Enflasyon, istikrarsızlığın bir göstergesidir. İstikrarlı bir ekonomide herhangi bir nedenle, söz gelimi reel ücretlerin artması veya kur artışı sonucu ithal malları fiyatlarının artması ile üretim maliyetleri artabilir. Eğer talep yapısı uygun ise maliyet artışı bir defaya mahsus fiyatlar genel düzeyini de artırır. Ancak bizim gibi istikrarsız ekonomilerde yapısal sorunlar, söz gelimi piyasada oligopol yapılar olduğu için, bu tür maliyet artışları fiyat artışının sürekli olmasına yol açıyor, yani enflasyona dönüşüyor. Yine piyasada rekabet şartları çalışmadığı için, spekülatörler olduğu için, üreticinin 25 kuruşa sattığı domatesi biz 250 kuruşa yiyoruz.
Aşağıdaki tabloda, Yurt İçi Üretici Fiyatları Endeksi (Yİ-ÜFE) ile TÜFE oranları yer almaktadır.
1) ÜFE ve TÜFE'deki yıllık enflasyon oranı bu yıl sonunda yüzde 10'a yaklaşacaktır. 2014 yılında, ÜFE oranı Kasım ayında -0.97 ve Aralık ayında -0.76 olmuştu.
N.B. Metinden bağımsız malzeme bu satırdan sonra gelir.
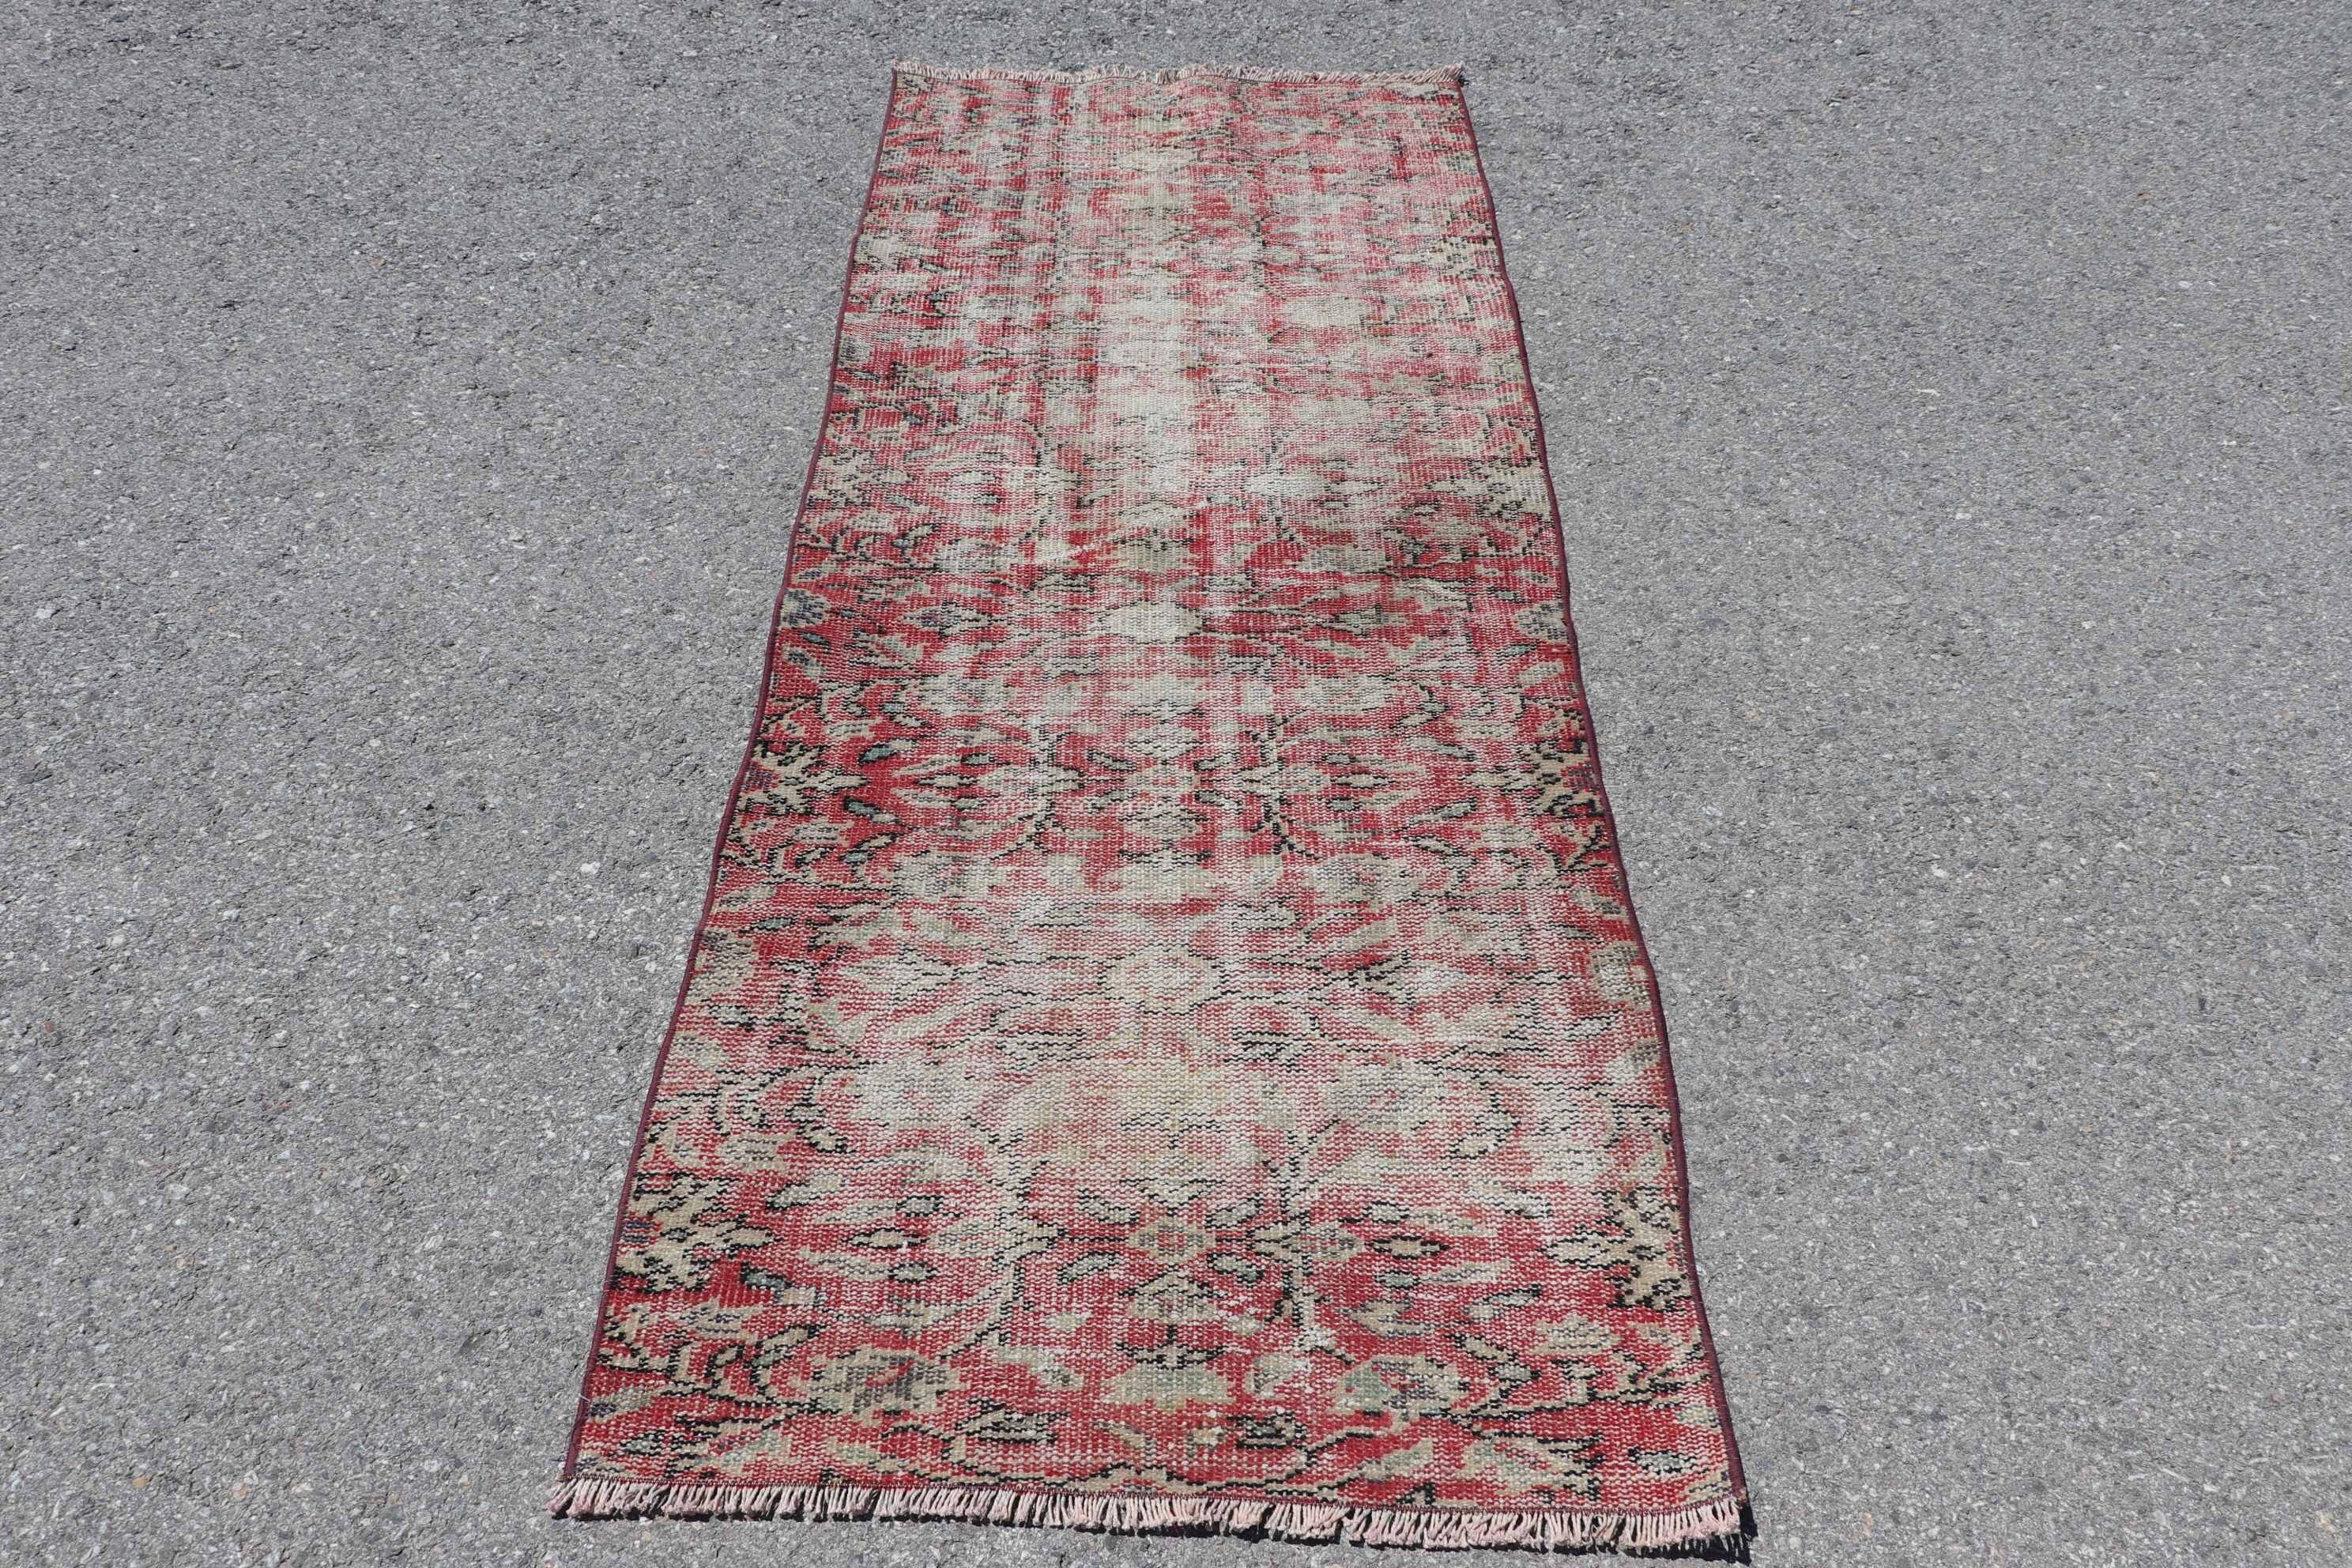 Anatolian Rug, Turkish Rug, Red Oriental Rug, Rugs for Bedroom, 2.7x6.6 ft Accent Rug, Kitchen Rugs, Vintage Rug, Entry Rug

Bu nedenle Ekim 2014'te yüzde 10.10 olan ÜFE oranı, 2014 sonunda 6.36'ya gerilemişti.
Bu sene kur artışlarından doğan maliyet enflasyonu devam ediyor... 2015 ilk 9 ayındaki enflasyon, yıllık enflasyondan daha yüksek, yüzde 7.81'dir. Kasım ve Aralık ayları ÜFE oranı muhakkak ki geçen seneden yüksek olacak ve ÜFE oranı yüzde 9'u geçecektir.
2) Bugünkü piyasa yapısı içinde ÜFE'nin gösterdiği maliyet artışları perakende fiyatlara kolayca yansımaktadır. Geçen sene Ekim ayında 1.90 olan TÜFE artışı bu sene daha düşük çıkar... Buna karşılık 2014 yılı Kasım ayında 0.18 ve Aralık ayında -0.44 olarak gerçekleşen TÜFE oranları da tersine bu sene daha yüksek çıkar. Bu şartlarda TÜFE'nin de yüzde 9'u geçmesini bekleyebiliriz.
3) ÜFE'de ara malı ve dayanıklı tüketim malı fiyatları aylık ve yıllık bazda, yıllık ÜFE'den daha yüksek oldu. Bunun nedeni kur artışı nedeniyle ithal ara malı fiyatlarının artması ve dayanıklı tüketim mallarında ithal ara malı kullanımının daha yüksek olmasıdır.
4) TÜFE içinde yer alan gıda fiyatları, aylık ve yıllık bazda daha yüksek arttı. Yıllık TÜFE oranı yüzde 10.73 oldu. Yani düşük gelir gruplarına hitap eden mutfak enflasyonu daha yüksek oldu. Bu artış işçi ve memuru daha çok ilgilendiriyor. İşçi ve memur zamlarında geçinme endeksleri dikkate alınmalıdır. Bunun için de TÜİK'in ayrıca bir geçinme endeksi düzenlemesi gerekmektedir.
Sonuç olarak; enflasyon sorunu çözülmeden tasarruf ve yatırım artışı yapamayız. Enflasyonu çözmek için de devletin düzenleyici ve denetleyici rolü devreye girmeli, piyasa kartellerden temizlenmeli, ekonomide verimlilik artışı sağlanmalıdır.